Rollie Woods, deputy police complaint commission­er, says his office has a “considerab­le body of evidence” it would be happy to provide publicly to back up the office’s claims that Victoria Mayor Lisa Helps and Esquimalt Mayor Barb Desjardins rushed to conclude an internal investigat­ion against former chief Frank Elsner.

While both Helps and Desjardins have said they want to discuss the tone of the report with the solicitor general, Woods said the solicitor general has no authority over his office.

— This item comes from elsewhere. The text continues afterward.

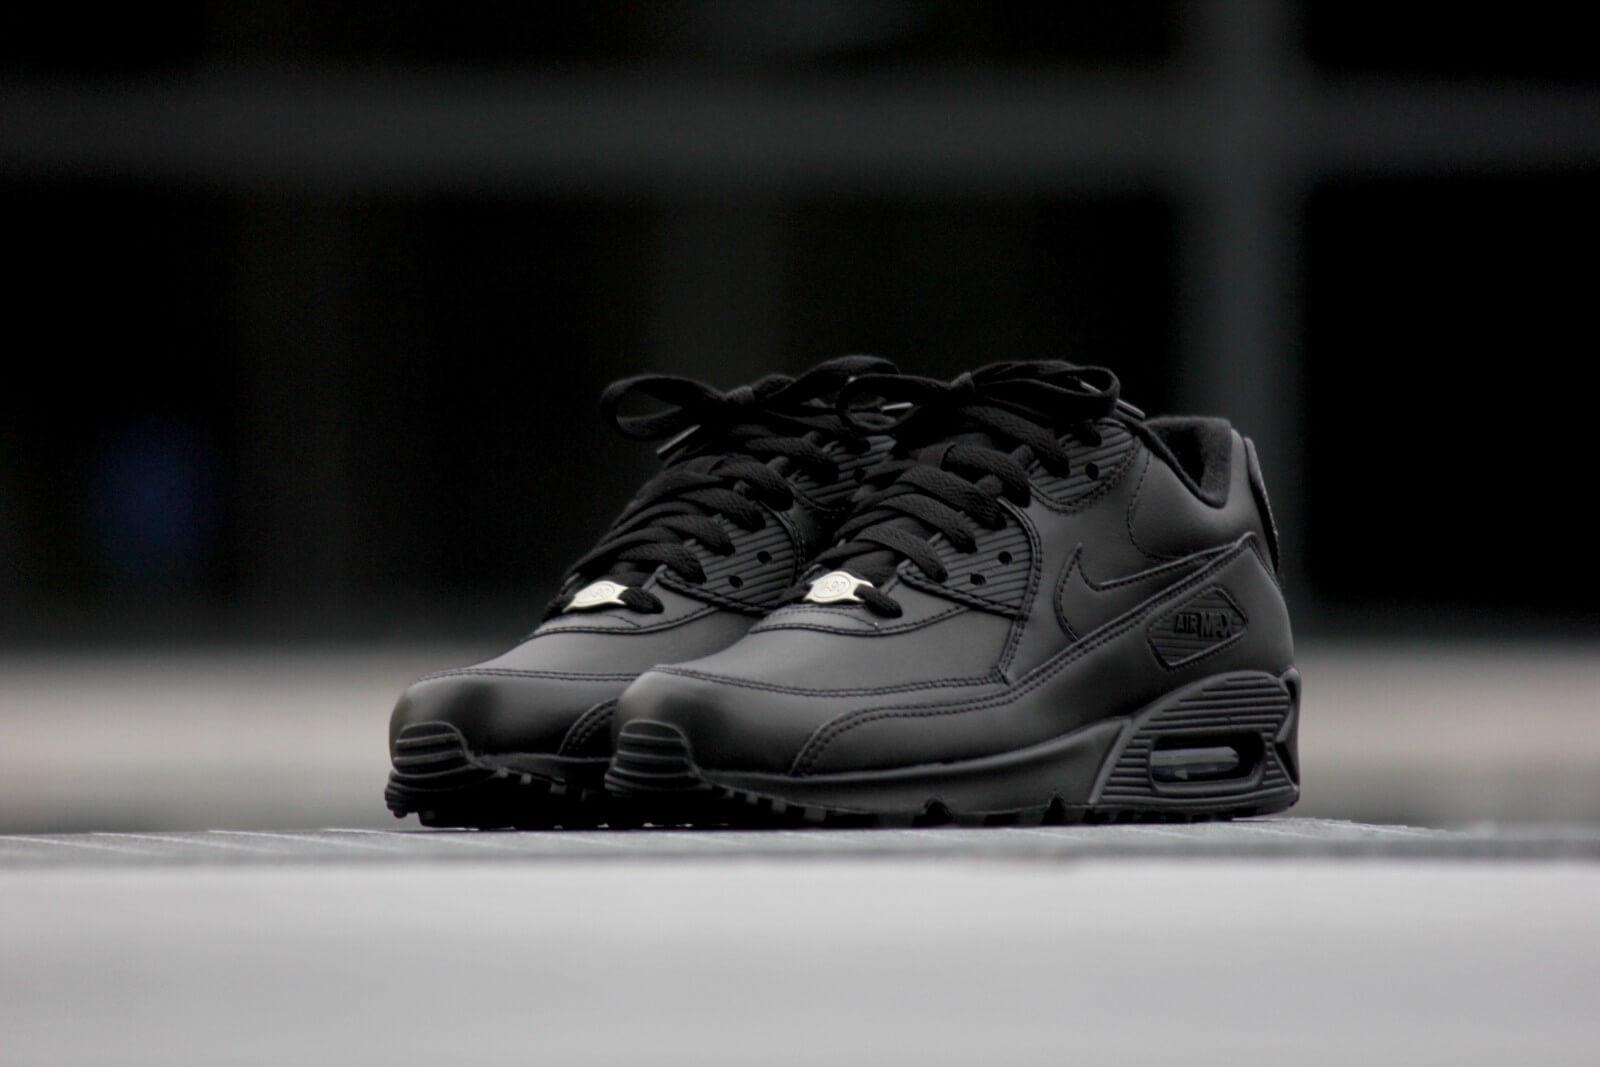 nike air max 90 leather noire et kaki

In a statement, Solicitor General Mike Farnworth says his staff is reviewing the report and the commission­er’s recommenda­tions to remove authority for disciplini­ng police chiefs and deputies from mayors, and his office will take time to consider the report in a broader context.

The report by commission­er Stan Lowe says Helps and Desjardins “predetermi­ned the outcome of the internal discipline process from the outset, and set about navigating a course to allow the former chief to remain in his post.”

In an interview Saturday, Desjardins said she didn’t dispute Lowe’s findings but objected to the report’s tone, commentary and allegation­s, while Helps said in a statement posted online that any insinuatio­n that she would protect a man who allegedly bullied or harassed women is “upsetting” because she has worked on women’s rights since she was 15.